Provided material section start
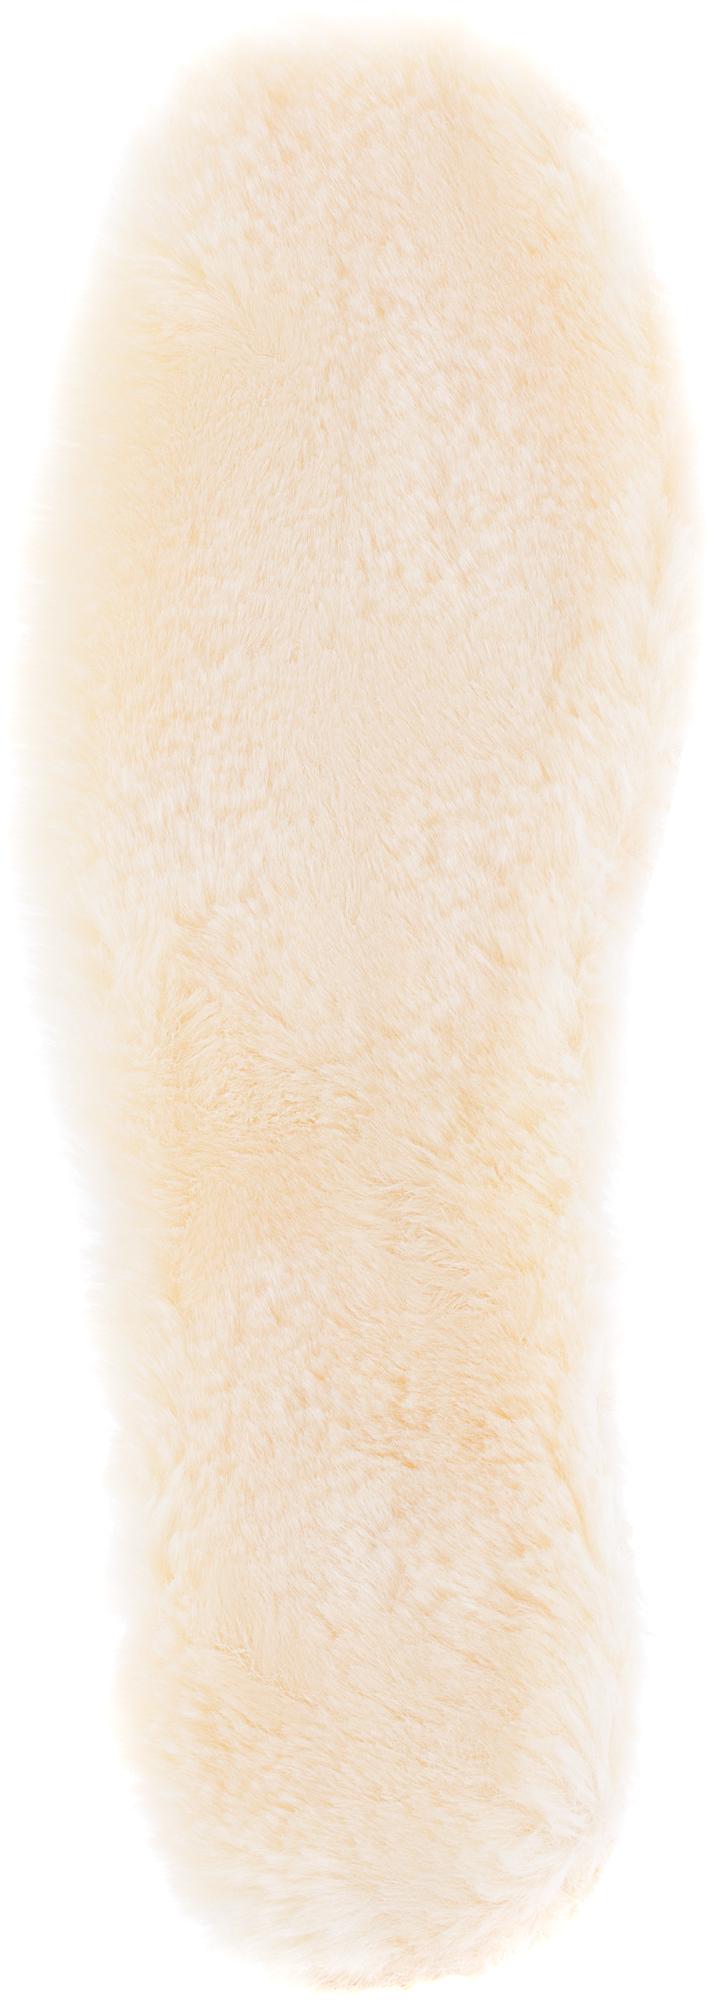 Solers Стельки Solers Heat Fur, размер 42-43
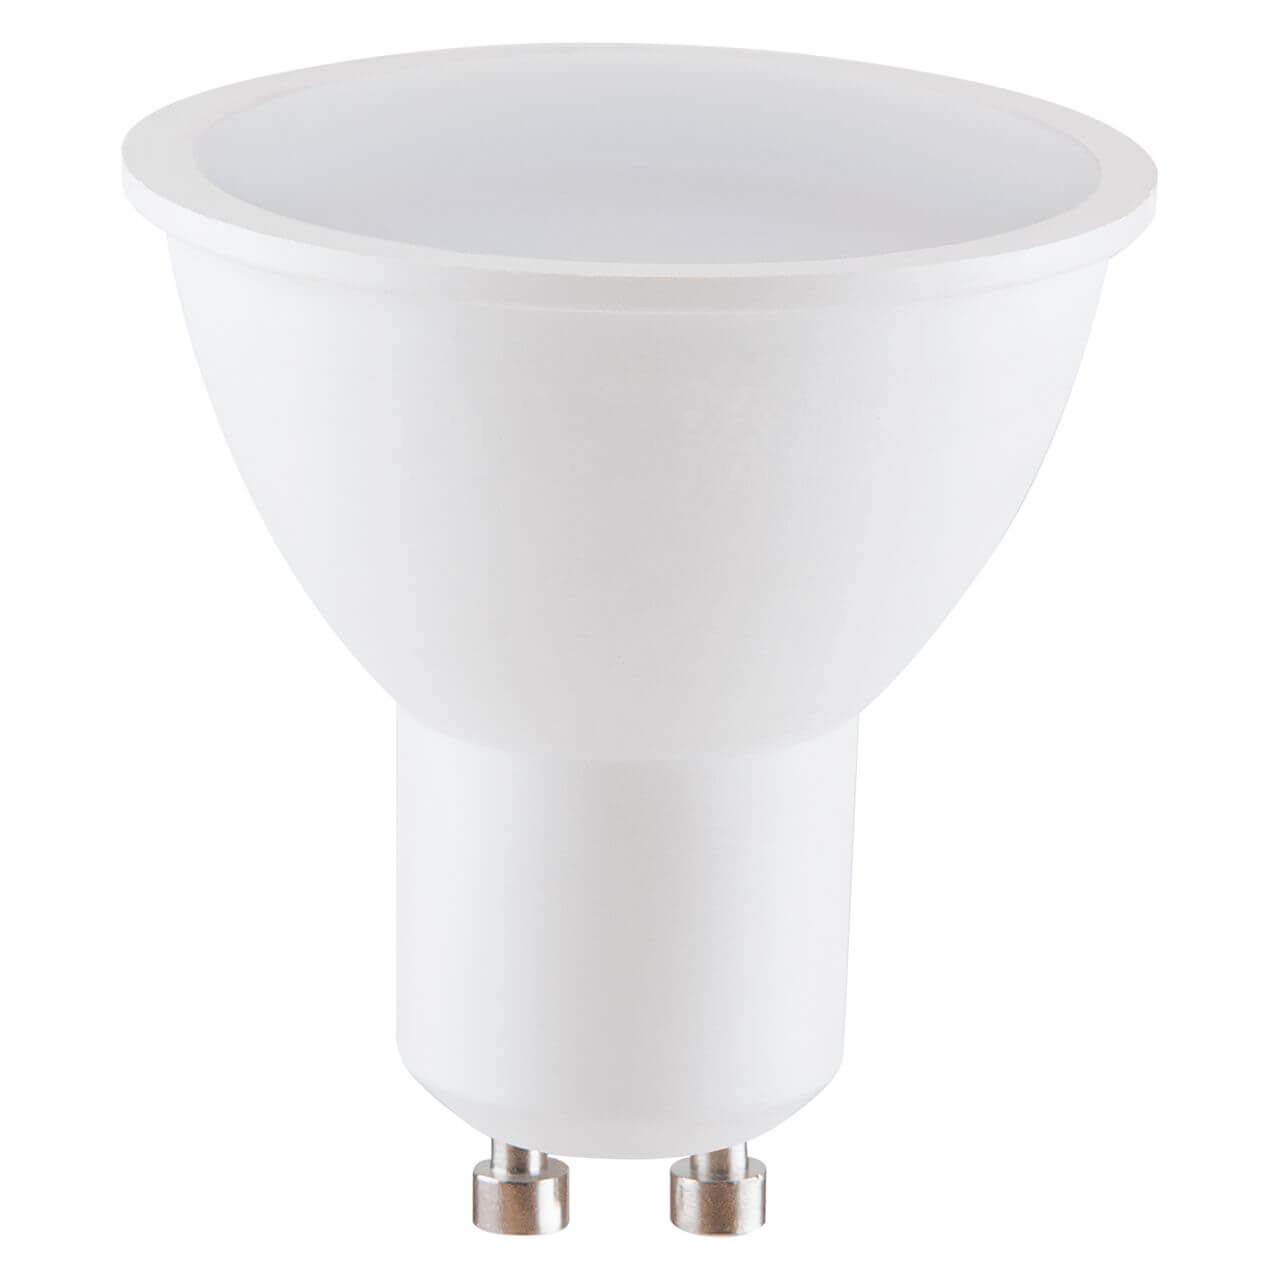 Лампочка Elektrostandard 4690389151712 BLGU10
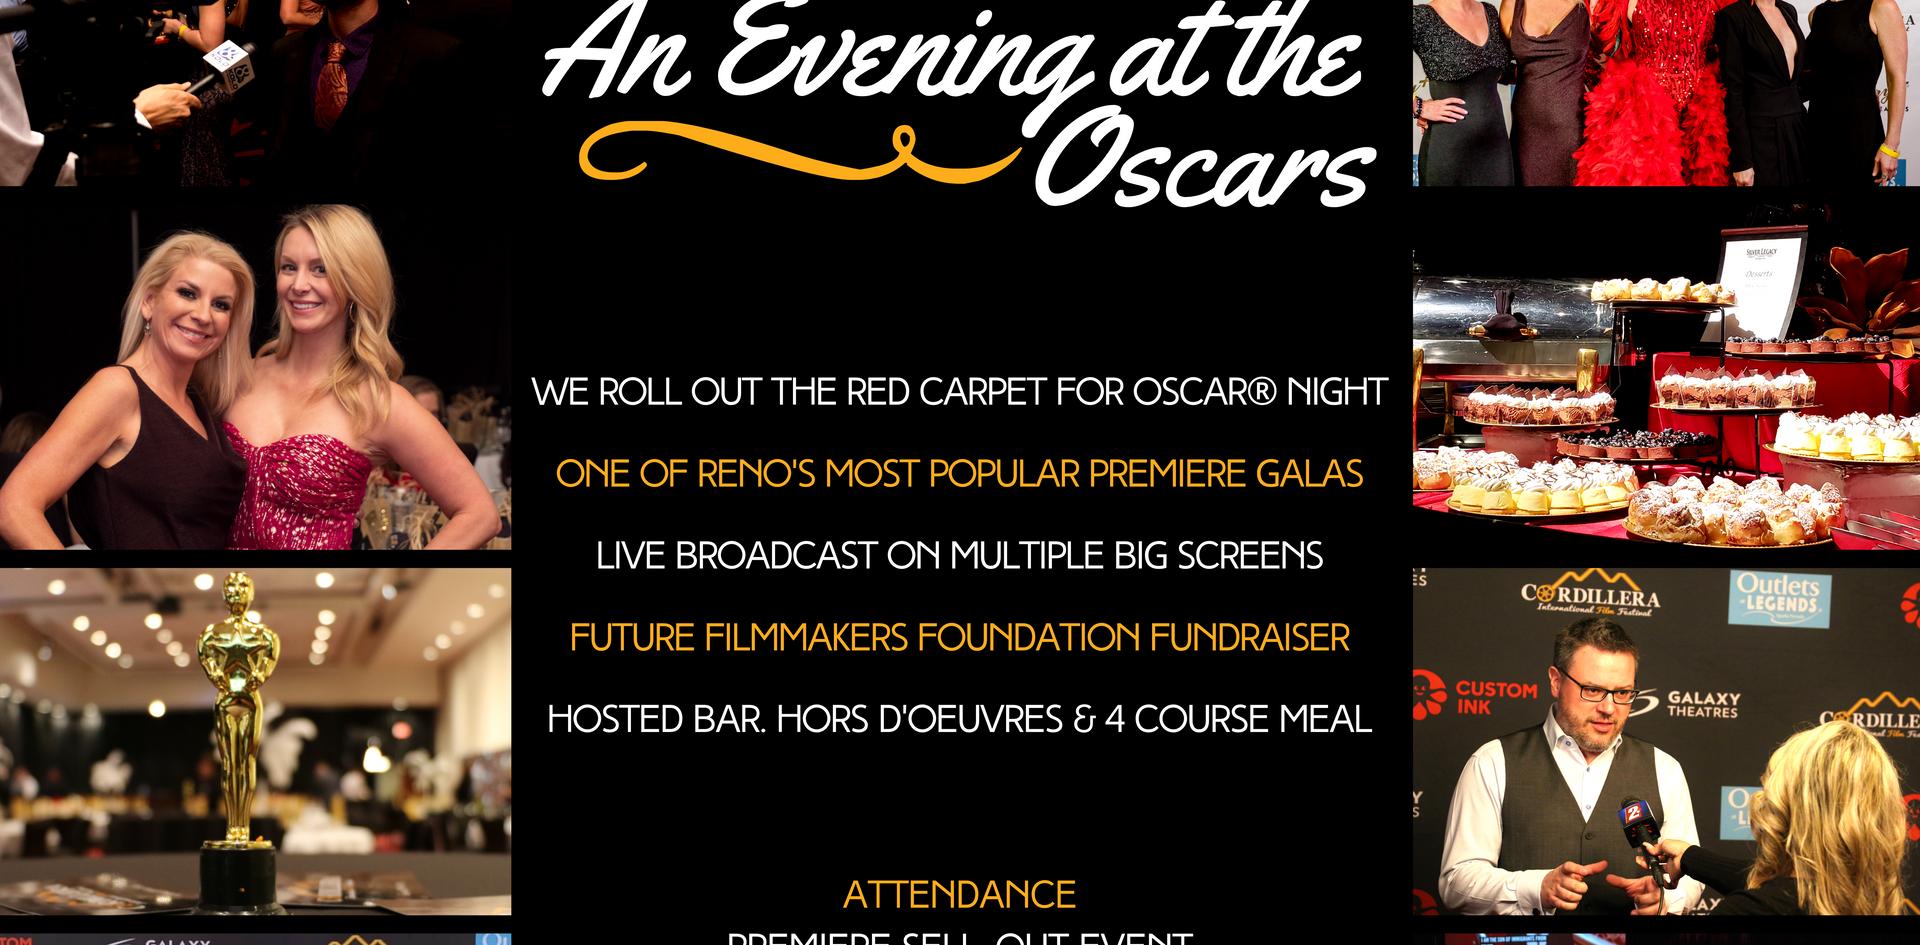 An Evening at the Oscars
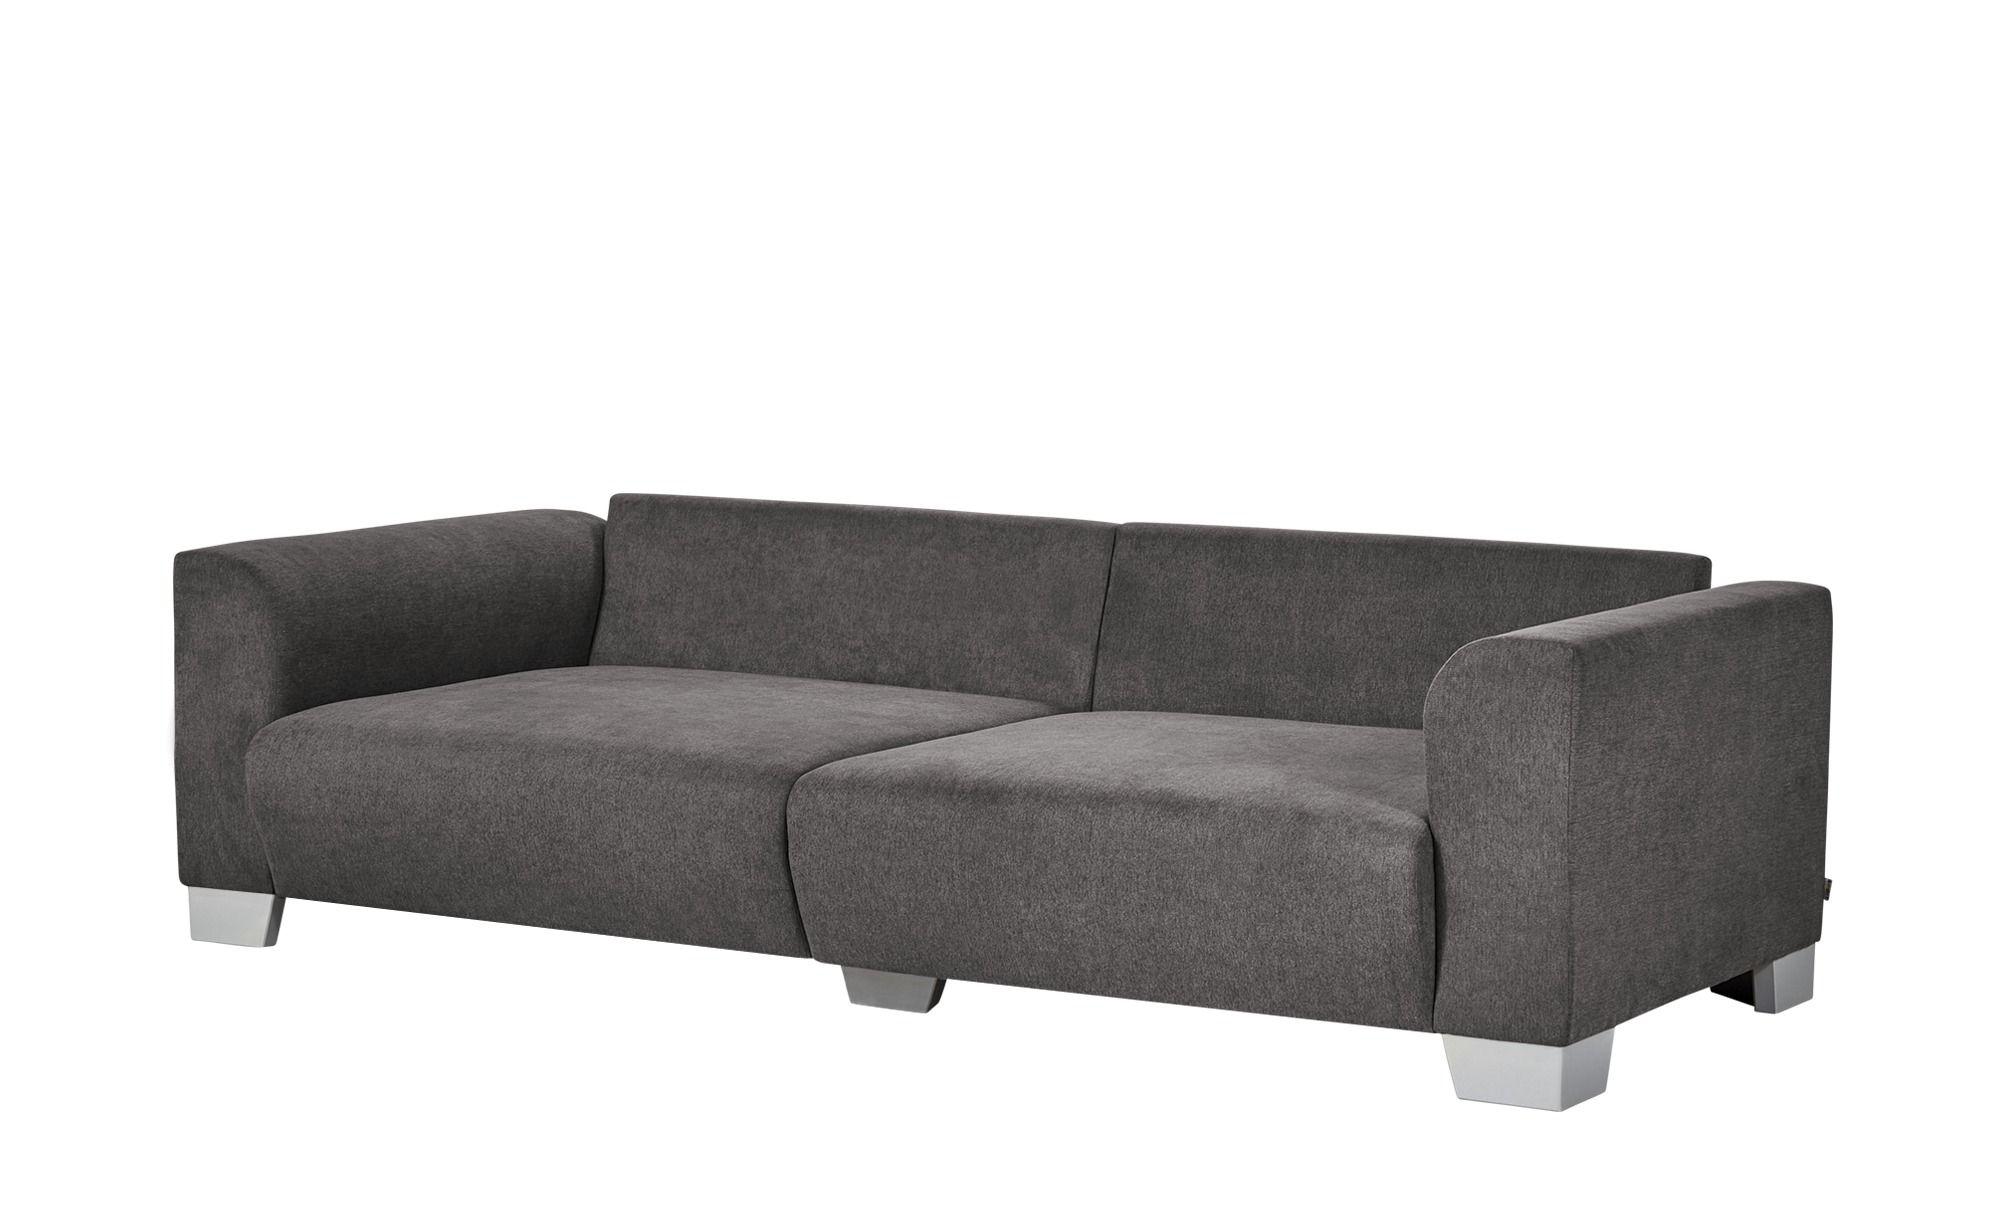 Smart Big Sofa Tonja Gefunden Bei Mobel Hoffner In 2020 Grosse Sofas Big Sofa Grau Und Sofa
Provided material section end
# Work to complete:
Using the material above, restate word for word the lines from the line that has "An Evening at the Oscars" to the last line, inclusive, with pictures omitted.

# Output for this task:
 An Evening at the Oscars
 Smart Big Sofa Tonja Gefunden Bei Mobel Hoffner In 2020 Grosse Sofas Big Sofa Grau Und Sofa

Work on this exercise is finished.